While developments here at home may falter, the rest of the world is still humming right along in terms of solar adoption. That should help FSLR get over the hump. Also helping is its industry-leading cost structure, an investment in 8Point3 Energy Partners LP (NASDAQ:CAFD) and a strong $2 billion in cash on its balance sheet.
First Solar will kick the can and get through the current malaise with ease. When investors get hot on solar again, they’ll see they can buy an industry leader at a single-digit P/E.
That’s not a pretty way to invest, and FSLR will likely give you a few gray hairs. But it’ll be worth it, and there’s always Just For Men.
Contrarian Stocks to Buy in the New Year: Kroger (KR)
You wouldn’t peg a grocer as a growthy momentum stock, but that’s what Kroger Co (NYSE:KR) was until it started to miss expectations.
As a result, Kroger has slipped into value territory.
For those not in the know, Cincinnati-based Kroger operates as the largest publicly traded pure-play grocery store network in the country. These stores play a variety of income and demographic levels — bargain shoppers and truffle hunters alike. This mishmash of consumers has driven Kroger’s revenues to in excess of $100 billion per year.
Troubling analysts is that Kroger’s growth has slowed to a crawl. But KR has a few aces up its sleeve.
For one, its online ordering experiment is bearing fruit; ClickList is becoming a huge hit with internet-savvy millennial customers. Revamped in-house organic and natural brands — and their higher margins — are also helping to drive projects. These projects, as well as expanded pharmacy and convenience store operations, should drive KR back into favor.
Meanwhile, a roughly 20% drop in Kroger shares over the past year has ensured that investors aren’t overpaying at this point.
Contrarian Stocks to Buy in the New Year: Apple (AAPL)
How far has Apple Inc. (NASDAQ:AAPL) fallen?

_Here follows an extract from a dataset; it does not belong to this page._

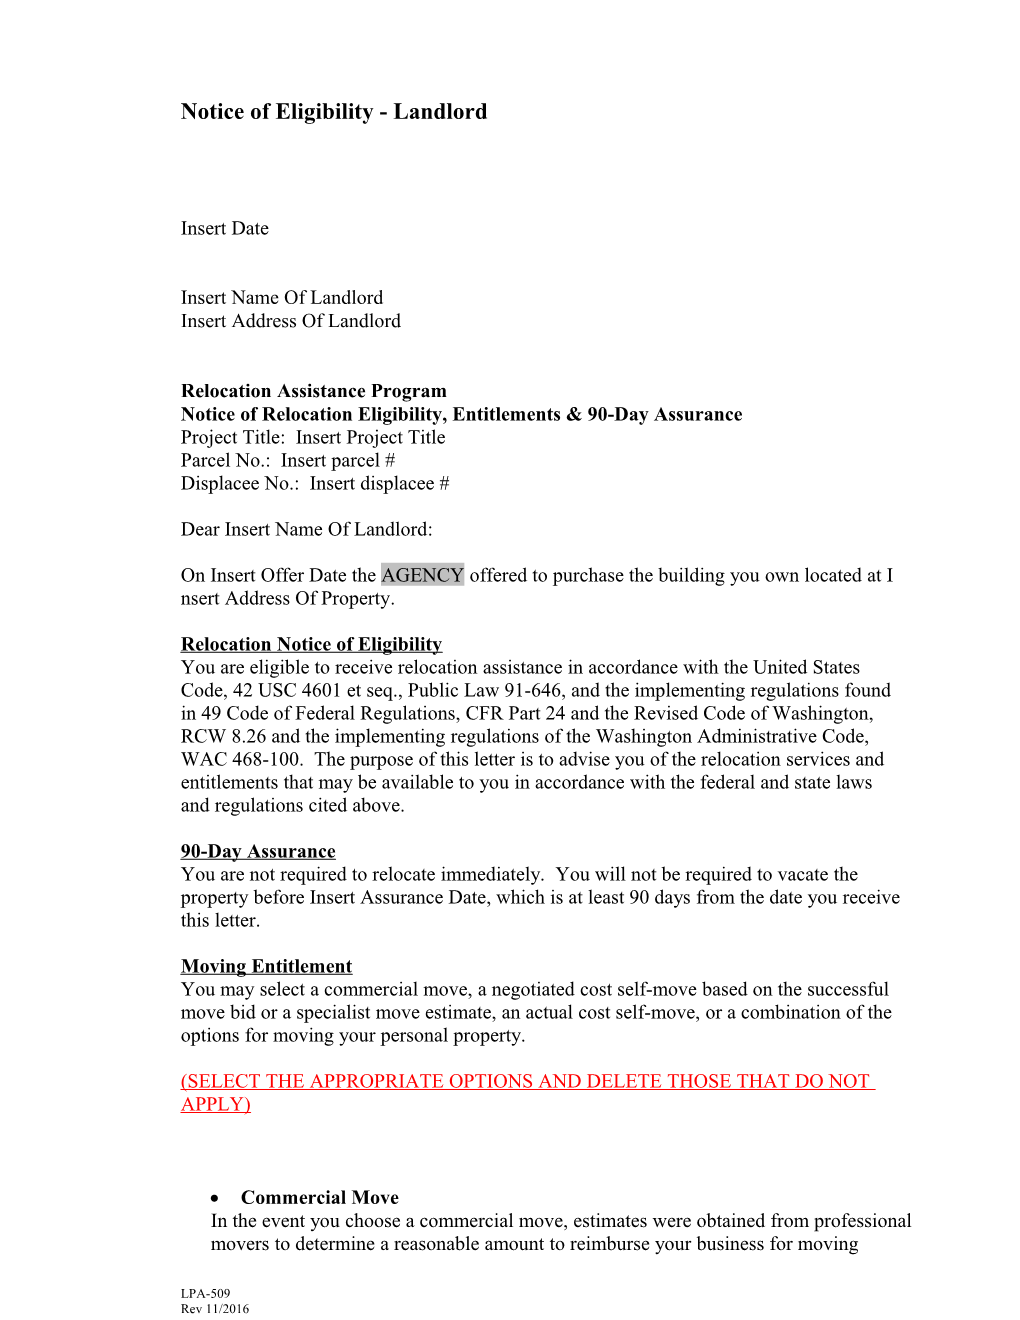 RES 509 Landlord Eligibility Notice
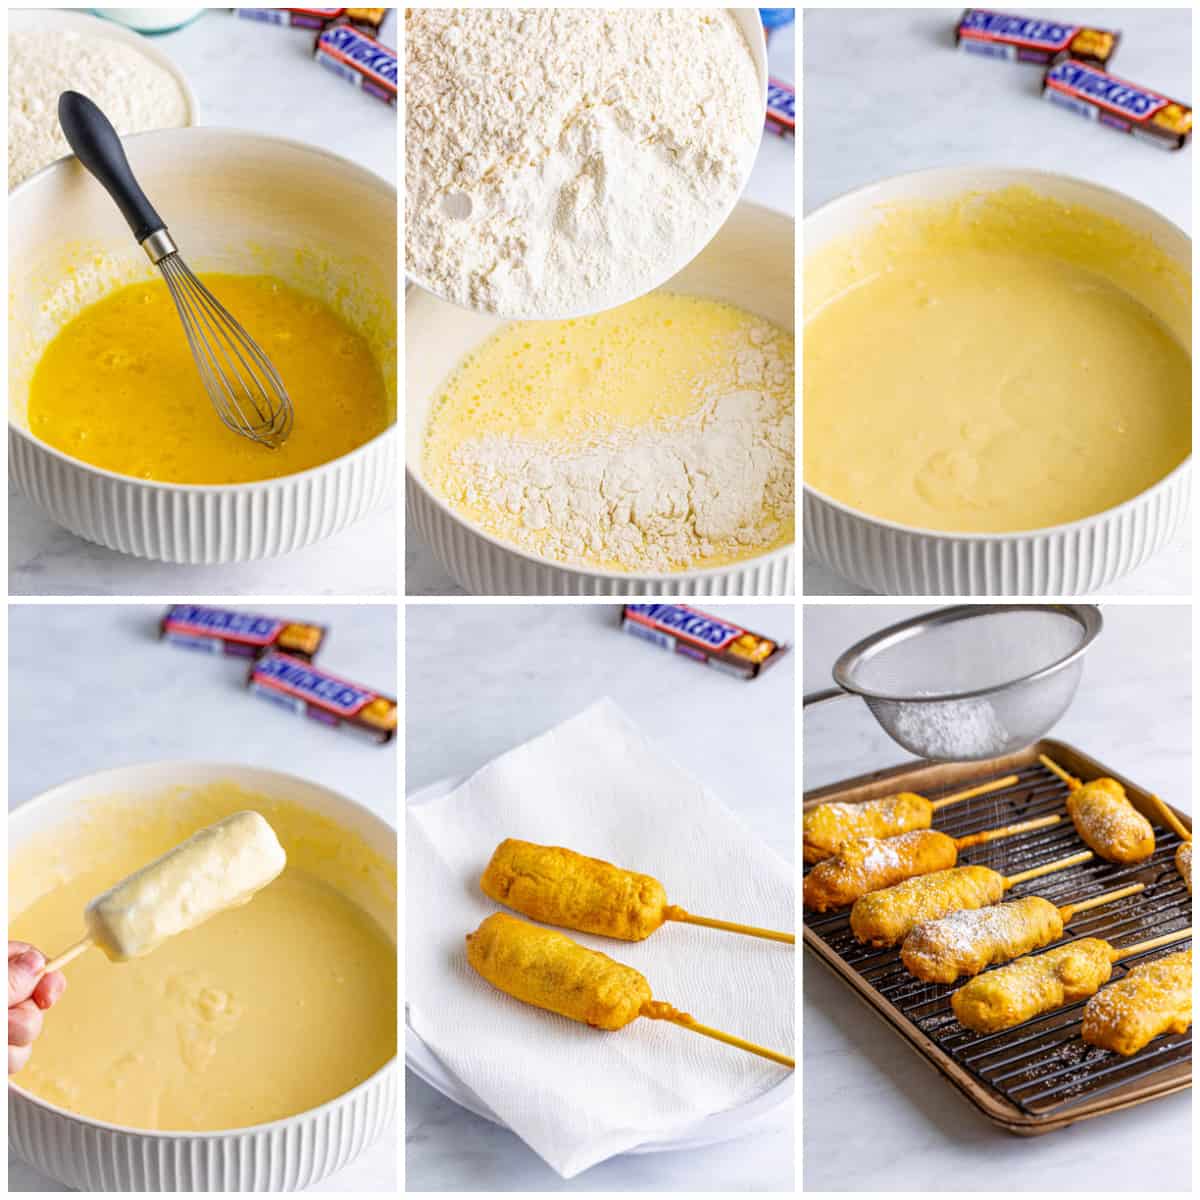 Step by step photos on how to make Deep Fried Snickers.

Well, to the point where it’s no longer considered a no-doubt growth stock, but a contrarian stock to buy.
Still, that’s better than a “sell” call, right?
Apple hasn’t had a smooth go of things over the past year. Its all-important iPhone sales have slowed, the Apple Watch has stalled, and the firm was hit with a major court decision that favored its chief rival, Samsung Electronics (OTCMKTS:SSNLF).
So while Apple did manage to put up roughly 10% gains in 2016, that was only good enough to match the market, and far behind many of its growthier tech peers. AAPL simply is no longer a market darling.
That’s OK, though. We’re talking about contrarian investing.
Apple’s cash remains a fantastic reason to love this stock — and in fact, even more so now than ever. With Trump looking to stem corporate tax bills for repatriating overseas cash, Apple investors could be a few months away from a massive set of buybacks, or perhaps a big special dividend. Some analysts have postulated that Apple could move about $124 billion back to U.S. shores for dividend purposes.
Even if it doesn’t happen, Apple still mints profits and is a cash machine that trades for less than 12 times future earnings projections right now.
Oh yeah. And the iPhone 8 could be one of the biggest overhauls ever, sparking the much-needed rejuvenation to smartphone sales that the company needs.
AAPL might be out of favor now, but it could be a gem by the end of the year.
As of this writing, Aaron Levitt did not hold a position in any of the aforementioned securities.